The verb "suggest" is followed by either:

  • an -ing verb form --> He suggested asking ... OR
  • that clause --> He suggested that we ask ...

"Suggest" is not in the group of verbs that is followed by an infinitive (to + verb).

I hope that helps.


LearnEnglish team

Submitted by Paul Devening on Fri, 08/09/2023 - 12:02


Why can't we say "Katie suggested us going for a walk" but instead should say "KATIE SUGGESTED THAT WE GO FOR A WALK" whilst "The man warned us not to park in this street" is correct. It's unclear why "She suggested us" isn't correct but "The man warned us...." is.

Hi Paul Devening,

It's simply because different verbs have different grammatical patterns, and not all patterns are available for every verb.

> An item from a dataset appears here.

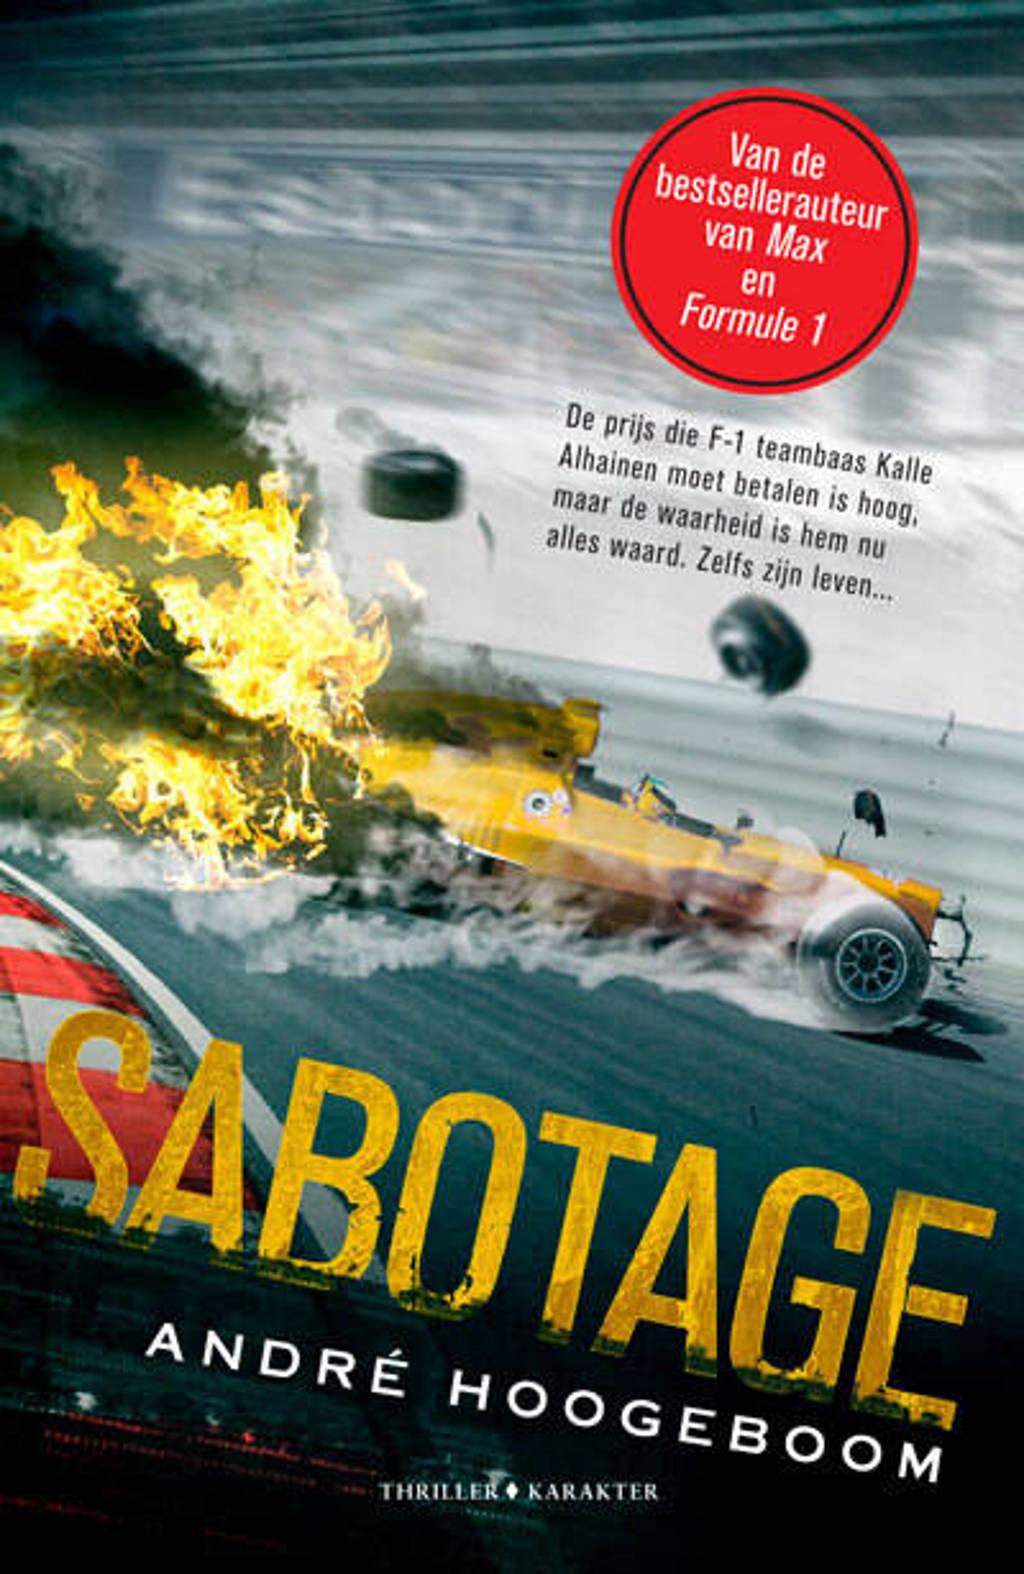 Sabotage - André Hoogeboom

That said, some verbs can be grouped together according to their meaning. For example, warn and some other verbs (see the page above) can be used to report imperatives, as in your parking example, by using the pattern verb + object + (not) to + infinitive. Suggest is not in this category because the meaning does not fit - a suggestion is not an imperative.


LearnEnglish team

Submitted by Himansana on Fri, 05/05/2023 - 08:59


I am finding a comprehensive analysis for reporting "if conditionals" since I saw some exceptional rules in some books which are clashing with each other. Can someone explain this to me?

Hello Himansana,

We're happy to help you with specific questions, but I'm afraid we don't write comprehensive analyses in the comments. We are a small team with lots of other work to keep on top of!

But please do feel free to ask us specific questions about specific sentences.

All the best,
LearnEnglish team

Submitted by RAMZANJANI on Fri, 24/03/2023 - 15:06


please explain direct speech. what would be answer?
He has said,'' They are waiting outside."